Author: Intelligent Relativity

Recently, NVIDIA CEO Jen-Hsun Huang and Meta founder Mark Zuckerberg held a fireside chat.

As leaders in the field of AI today, they occupy a prominent position in computational power due to the absolute advantage of AI chips and have emerged as benchmarks in open-source with the strong rise of the open-source large model Llama 3.1. This dialogue presents different perspectives on the future development trend of AI.

Jen-Hsun Huang in Conversation with Mark Zuckerberg

The dialogue between these two luminaries paints a blueprint for the future development of AI technology: from open-source AI algorithms to advanced humanoid robots to soon-to-be ubiquitous smart glasses, AI technology development is full of opportunities and challenges. In the future, AI phones, AIPC, AI cars, smart glasses, servers, and various other products will all undergo intelligent upgrades, with complex models, massive data, and computations heavily reliant on AI computational power support.

AI computational power is also expanding from specialized computing to all computing scenarios, gradually forming a pattern of "all computing is AI."

In fact, the actions of computational power vendors also reflect the market's demands for computational power development. On the one hand, CPUs, GPUs, NPUs, and various other PUs are also used for AI computations.

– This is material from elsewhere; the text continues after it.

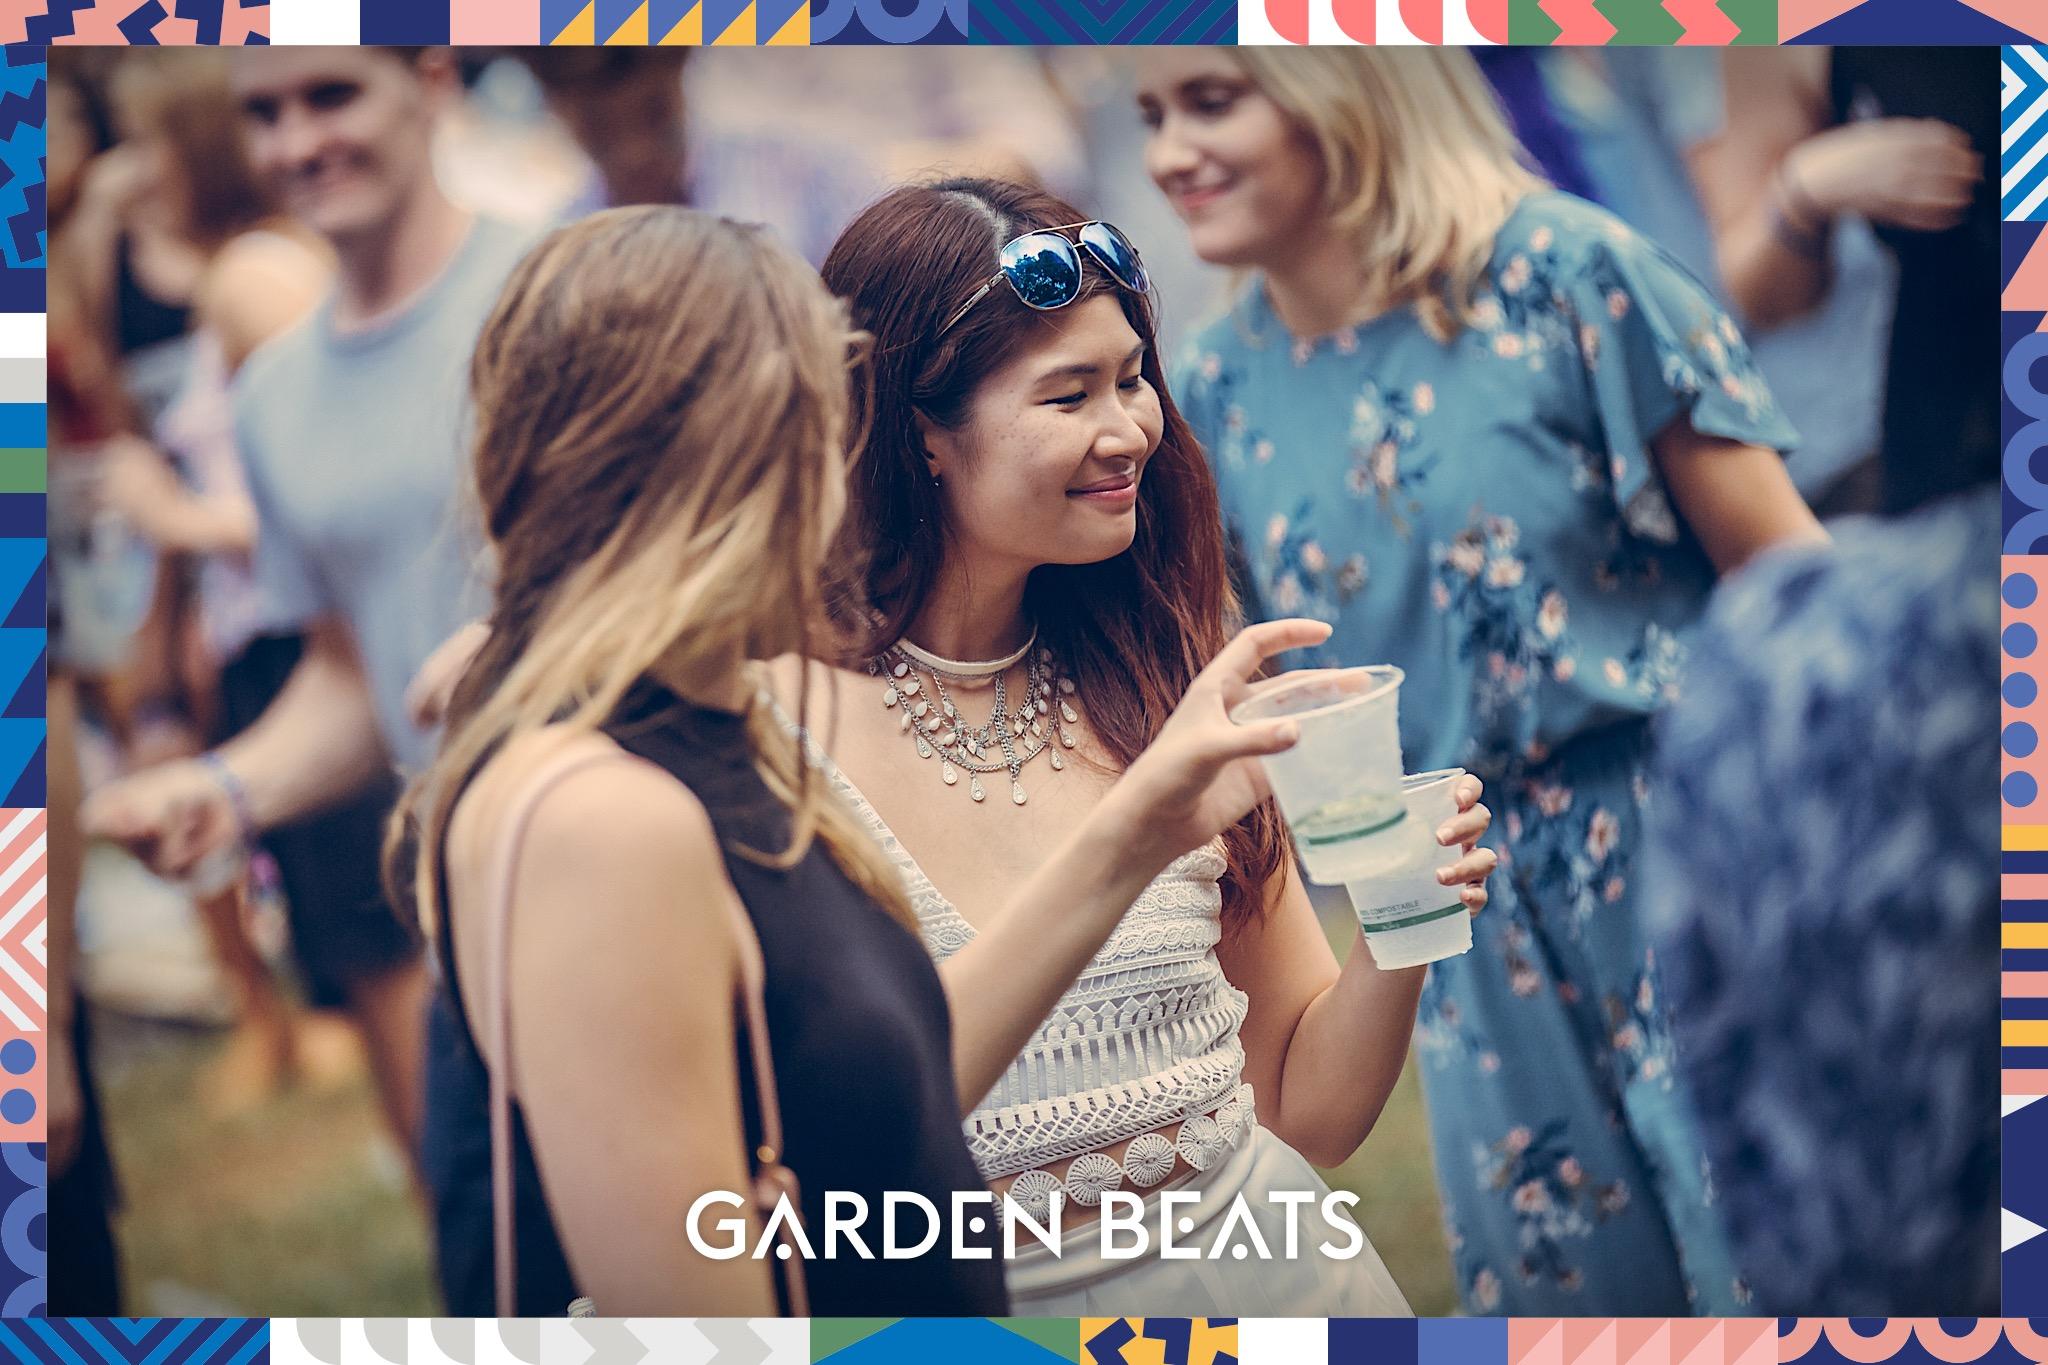 03032018_GardenBeats_Colossal592_Watermarked.jpg

On the other hand, Inspur Information is also committed to providing high-performance and low-cost options for general-purpose servers that fit different application scenarios. Recently, based on the 2U4-way flagship general-purpose server NF8260G7, Inspur Information innovatively adopted leading tensor parallel computing and NF4 model quantization technologies, enabling the server to run the "Yuan 2.0" large model with 100 billion parameters using only 4 CPUs, once again setting a new benchmark for general-purpose AI computational power.

In today's market, the industrial status of computational power is rapidly rising. Corresponding to the trinity driving AI development—computational power, algorithms, and data—the three have finally reached an equivalent status, moving towards parallel development.

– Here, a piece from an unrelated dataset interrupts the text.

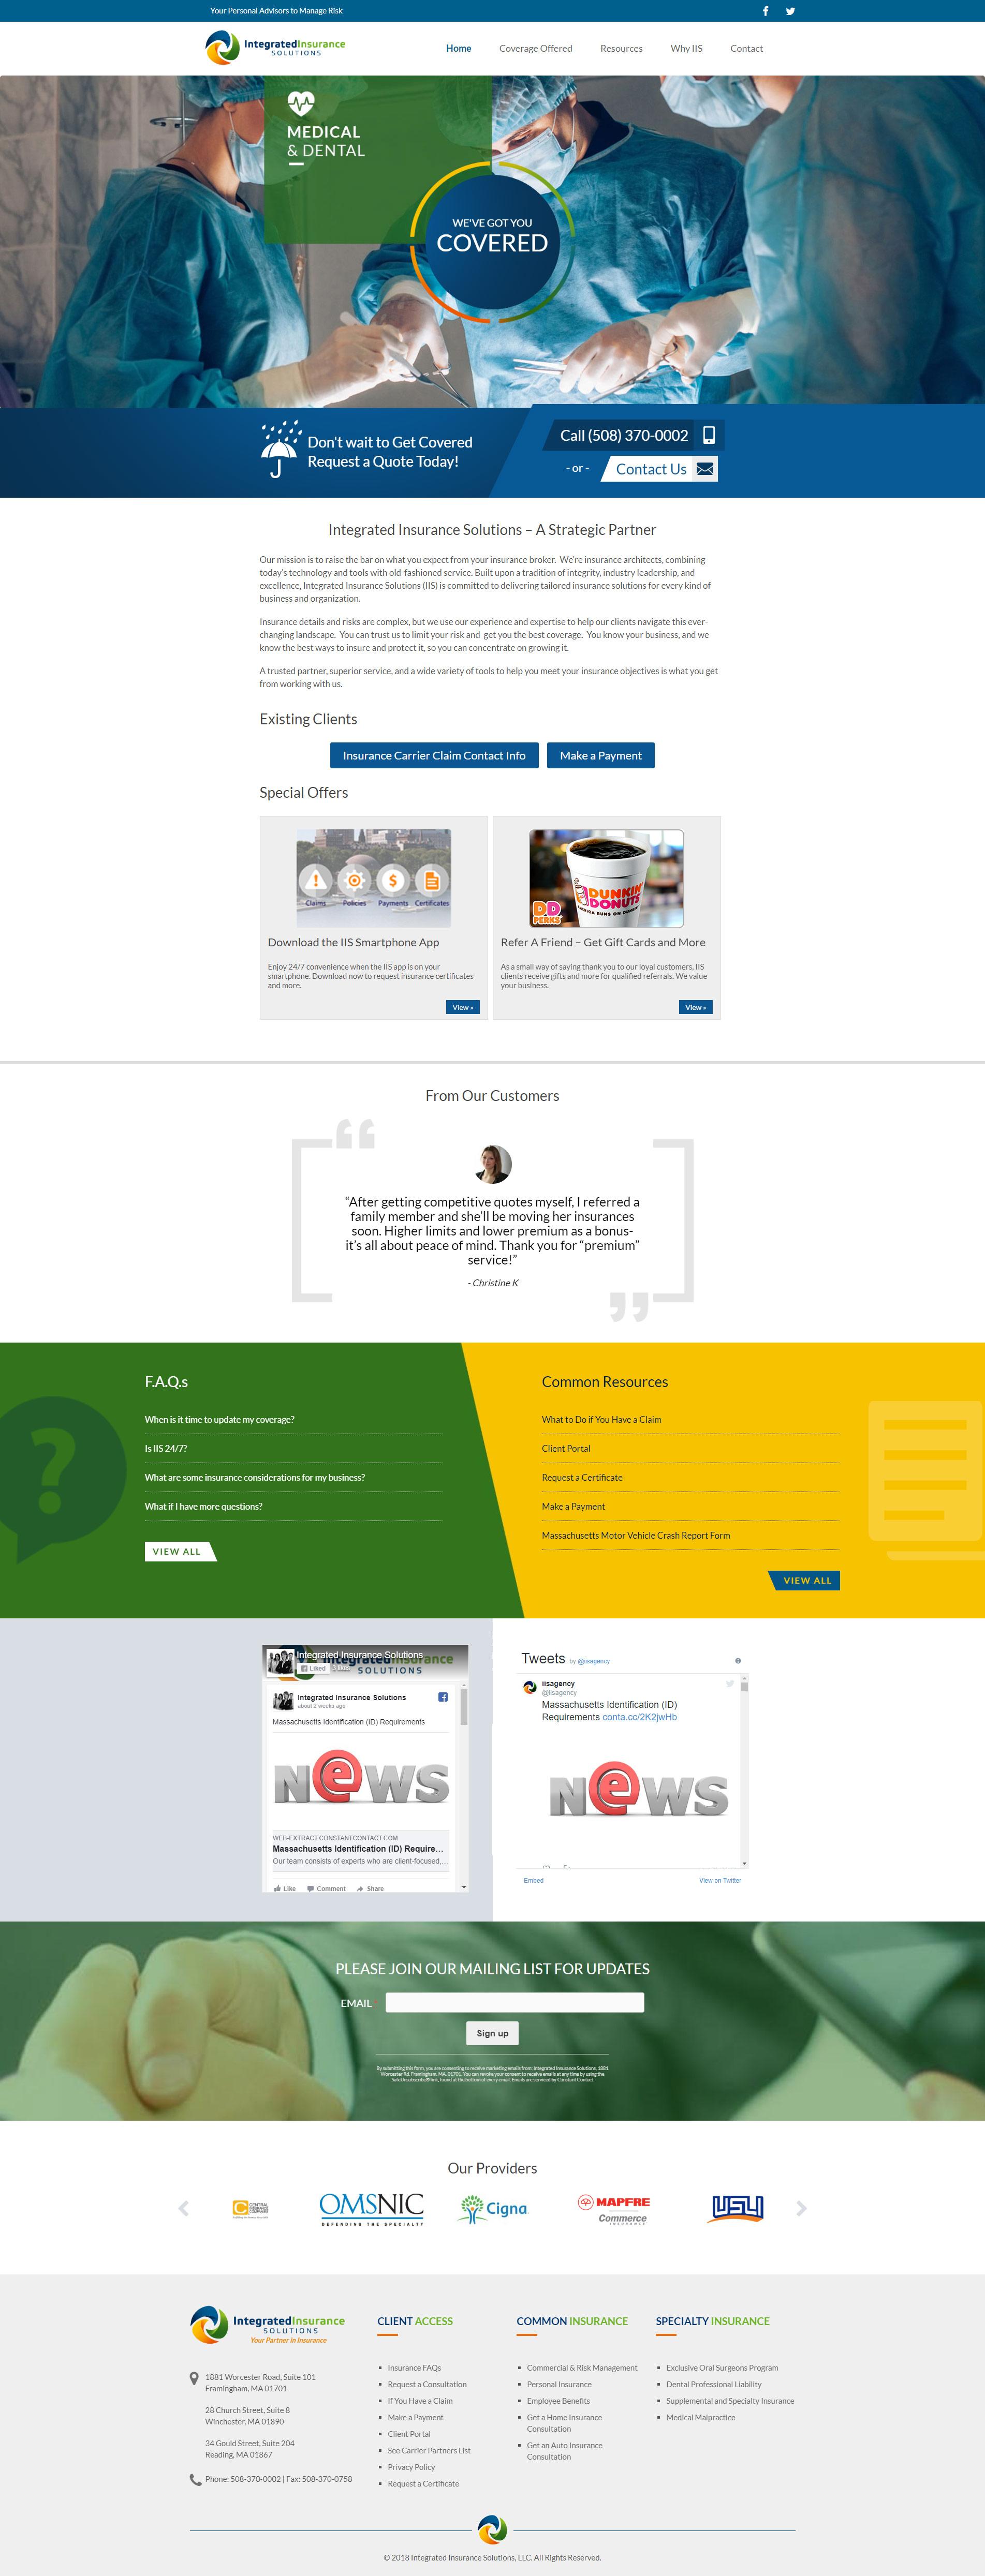 Welcome to StellarWebStudios com - Web Design and

It is worth noting that in the early stages of AI technology development, China's vast internet user base and abundant online data resources focused on data development. In contrast, the United States, with its long research tradition in computer science, mathematics, and statistics, focused more on algorithm development. Comparing the two, computational power received relatively less attention in the early stages.

Today, the trinity is moving in parallel. The public's understanding of AI development has become increasingly clear—the explosion of the AI industry is the result of the collaborative development of algorithms, computational power, and data. This state represents a new phase for the AI industry.

The AI Industry Arrives at a "Turning Point"

At this stage, the accelerated iteration of large model technology has led to the continuous emergence and refinement of 100-billion-parameter large models. Related AI applications are also infiltrating various industries at an unprecedented speed and scale, integrating into daily life and work.

The AI industry is transitioning from initial exploration to widespread application at a "turning point." In this process, the trinity of AI—computational power, algorithms, and data—has reached a critical juncture of comprehensive collaborative development to provide necessary technical support for leapfrogging upgrades in scenario applications.

Taking the anti-fraud system of banks as an example, the early system was built on big data, relying on experience-based preset rules and statistical models to judge and detect suspicious transactions. Today, integrating big data systems and AI models for financial fraud prevention with higher-performance general-purpose computational power, bank anti-fraud systems have achieved functional upgrades, offering higher accuracy, lower false positives, and the ability to self-learn and adapt to new fraud patterns based on new data.

The collaboration of algorithms, computational power, and data constitutes the basic paradigm of current AI applications. A successful AI project often requires appropriate investments and optimizations in all three aspects.

Algorithms act as the brain of AI, responsible for processing information, learning knowledge, and making decisions. Data serves as the foundation for algorithms; without sufficient data, even the most advanced algorithms cannot deliver their intended effects.

Furthermore, whether it's algorithm execution or data processing, both rely on computational power support. Especially in scenarios involving massive data processing, complex model training, and real-time inference demands, AI's requirements for computational power must also consider cost-effectiveness as the scenarios scale up.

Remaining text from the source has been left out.